Poland Catholics Pray Along Border In Controversial Event Seen As Anti-Muslim

Tens of thousands of Catholics in Poland prayed together Saturday along the country's 2,000-mile border and asked for salvation—an event that was seen by some as anti-Muslim. 

More than 300 churches endorsed the event and sent attendees to more than 4,000 different locations along the border. 

Organizers say the prayer event marked the centenary of the apparitions of Fatima, when three shepherd children in Portugal said the Virgin Mary appeared to them, the Associated Press reported

Poland prayer day People take part in a mass rosary prayer, begging God 'to save Poland and the world' from dangers facing them, in Koden Sanctuary, eastern Poland, on the banks of the Bug - a border river between Poland and Belarus on October 7, 2017. WOJTEK RADWANSKI/AFP/Getty Images

But, the news agency reported, the event also commemorated a large battle in the 16th century, which organizers said saved Europe from Islamization. 

Fears of Islam were echoed by those in attendance. 

"Islam wants to destroy Europe," Halina Kotarska, 65, told the AP as she prayed and clutched a rosary. "They want to turn us away from Christianity."

Critics of the event said praying along the border could be seen as celebrating the country's refusal to accept Muslim migrants, according to the BBC

Rafal Pankowski, an expert on xenophobia and extremism told the BBC the prayers seemed like a way to express Islamophobia. 

"The whole concept of doing it on the borders reinforces the ethno-religious, xenophobic model of national identity," Pankowski told the news organization.

But organizers say they chose the border because it symbolized wanting to "encompass the world with prayer," the BBC reported. Nearly 90 percent of the country is Catholic.

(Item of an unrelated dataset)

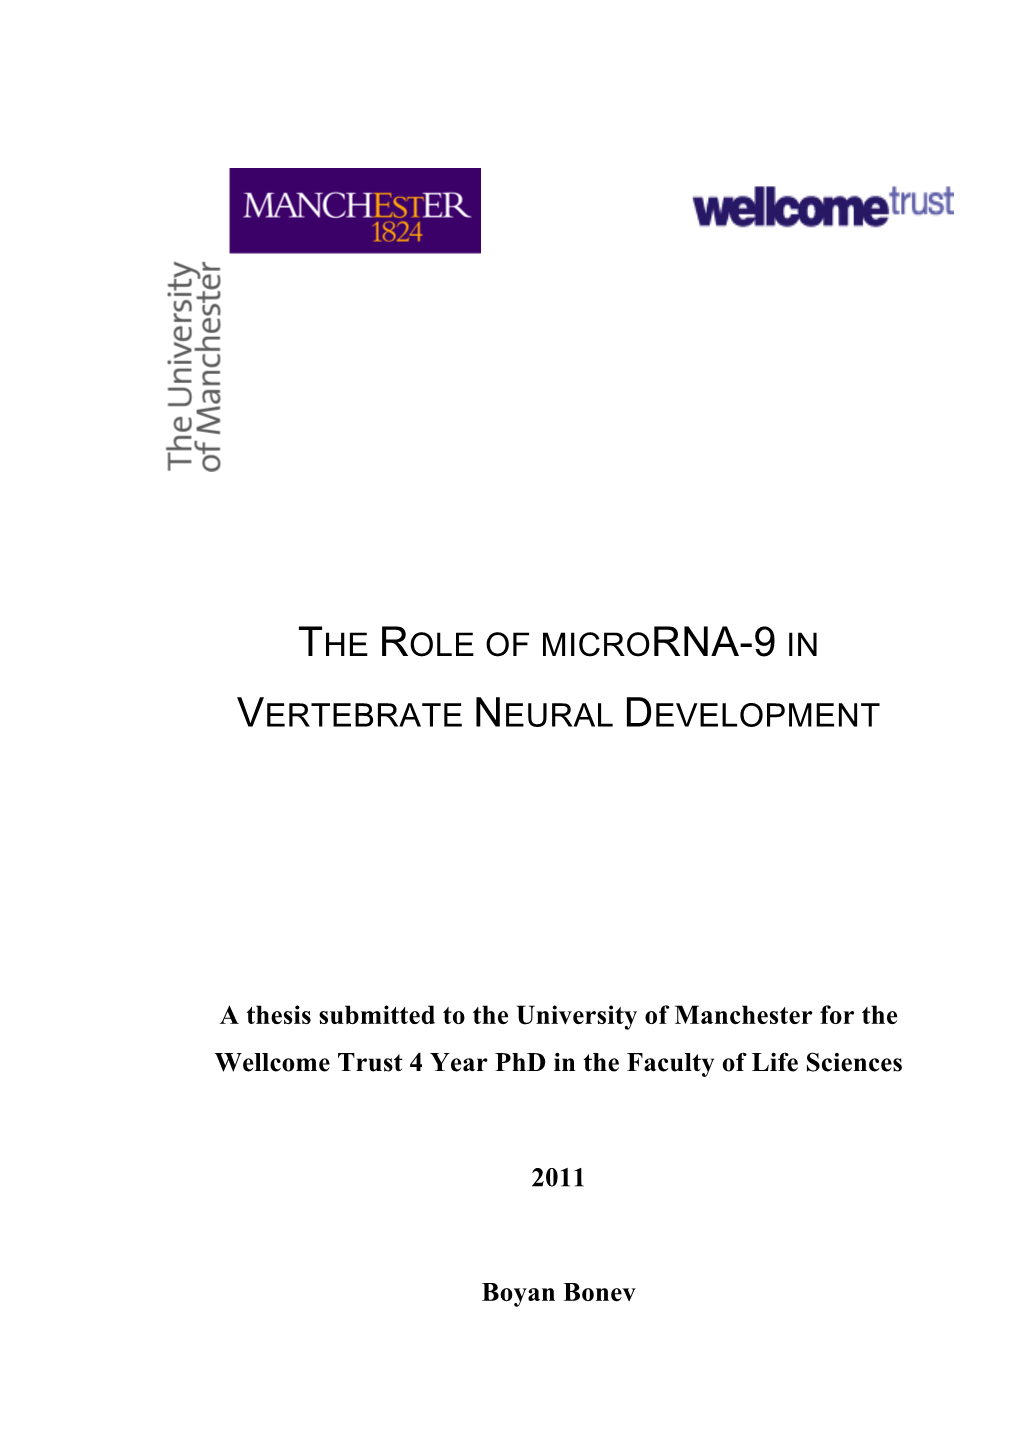 The Role of Microrna-9 in Vertebrate Neural Development Date: 27-09-2011

The country did not take part in a deal two years ago that would have allowed refugees into Poland. 

Krzysztof Januszewski, 45, told the AP he worries Christian Europe is under siege by Islamic extremists. 

"In the past, there were raids by sultans and Turks and people of other faiths against us Christians," Januszewski said. "Today Islam is flooding us and we are afraid of this too. We are afraid of terrorist threats and we are afraid of people departing from the faith."